Role of miRNAs in intracranial germinomas: towards disease diagnosis and better understanding?

MicroRNAs (miRNAs) are a class of small, noncoding RNA molecules typically 22 nucleotides in length [54]. They modulate protein expression through base pairing with a complementary sequence in the 3′-untranslated region of messenger RNA (mRNA) and are involved in the regulation of gene expression at a post-transcriptional level [55]. Established roles of miRNAs include the regulation of important processes including tumorigenesis [56,57,58]. In contrast to mRNA and proteins, they are inherently stable and remain conserved under most circumstances [59]. Circulating miRNAs in body fluids have been extensively explored as novel biomarkers for various diseases [60]. For instance, Murray et al show that certain miRNAs can be reliably detected in CSF as biomarkers for germ cell tumours [13]. Coincidently, his series included 2 IG patients that showed high expression of miR-373-3p in their CSF samples, which was also demonstrated in our study cohort. Next, Wang et al’s publication reports differentially expressed miRNAs between IGs and non-germinomatous germ cell tumours. In his study, miR-503 is one of the miRNAs with low expression in IG [23]. The downregulation of miR-503-5p is also observed in our study. Nonetheless, the remaining miRNAs, including miR-221-3p that was predicted to be a target of KIT, require deeper functional assessment and clinical validation.

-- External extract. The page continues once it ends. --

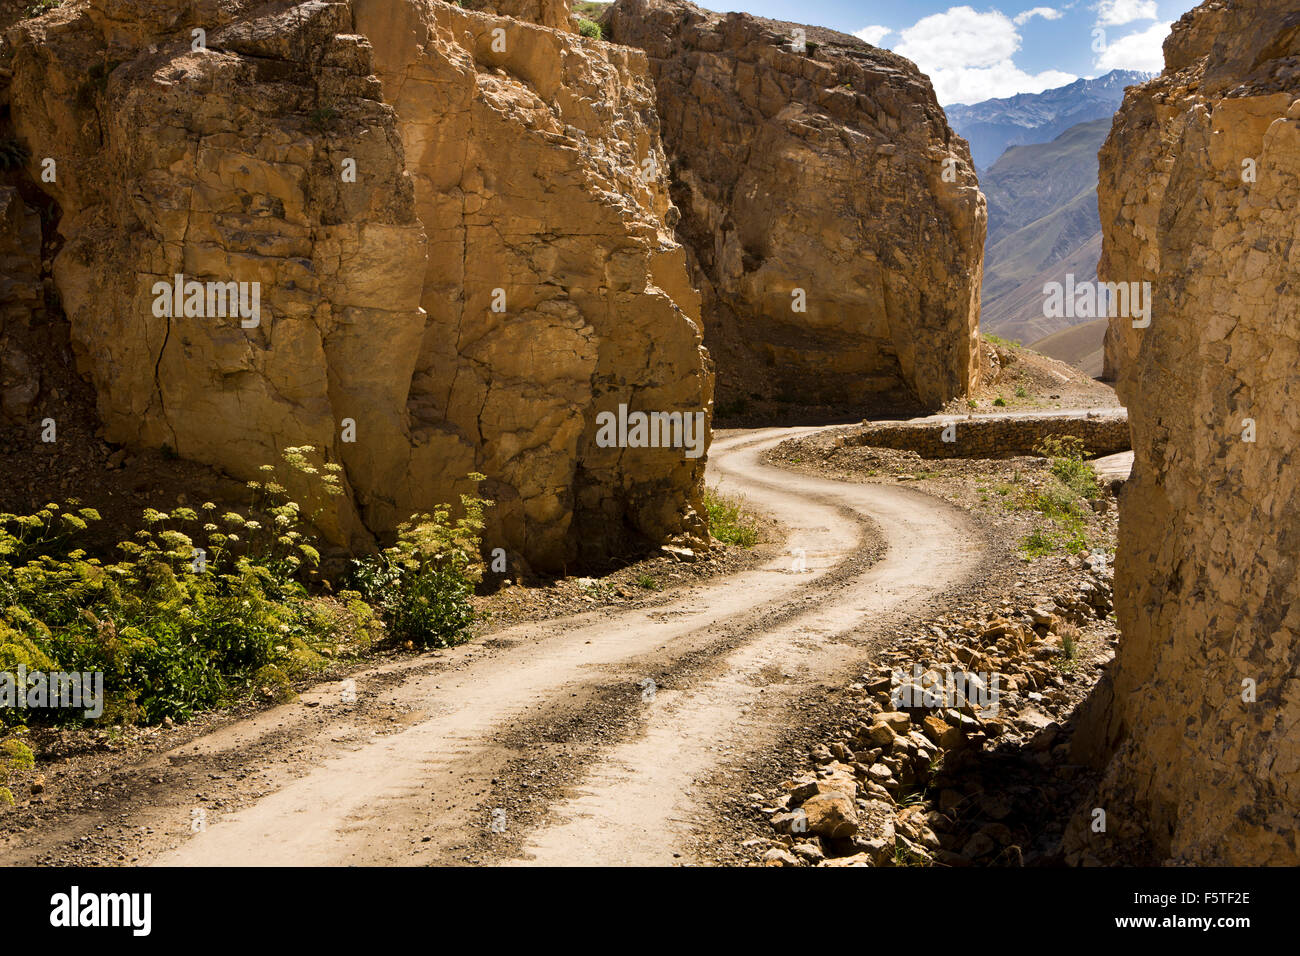 India, Himachal Pradesh, Spiti, Kibber, narrow winding road through mountain gorge Stock Photo

The inherent properties of miRNAs deem them highly desirable for use as disease markers; hence, initiating the interest in the expression of profiles of miRNAs. MicroRNA profiling represents an important first-step in deducting individual RNA-based regulatory function in cells, tissues and circulation [61]. Nevertheless, there is no standardized clinical-grade platform for detection of circulating miRNAs. At present, real-time quantitative PCR remains as the most sensitive method for the quantification of the RNA species [62, 63]. Our project utilizes an innovative hemi-nested real-time quantitative PCR multiplex assay which is simple to design, shows excellent performance and provides design flexibility of any miRNA [64]. As our study is exploratory at this point, the use of a such a corroborative platform offers advantages of high throughput, sensitive and accurate examination of small CSF sample volumes. Such endeavours are particularly important in a limited patient cohort, like ours.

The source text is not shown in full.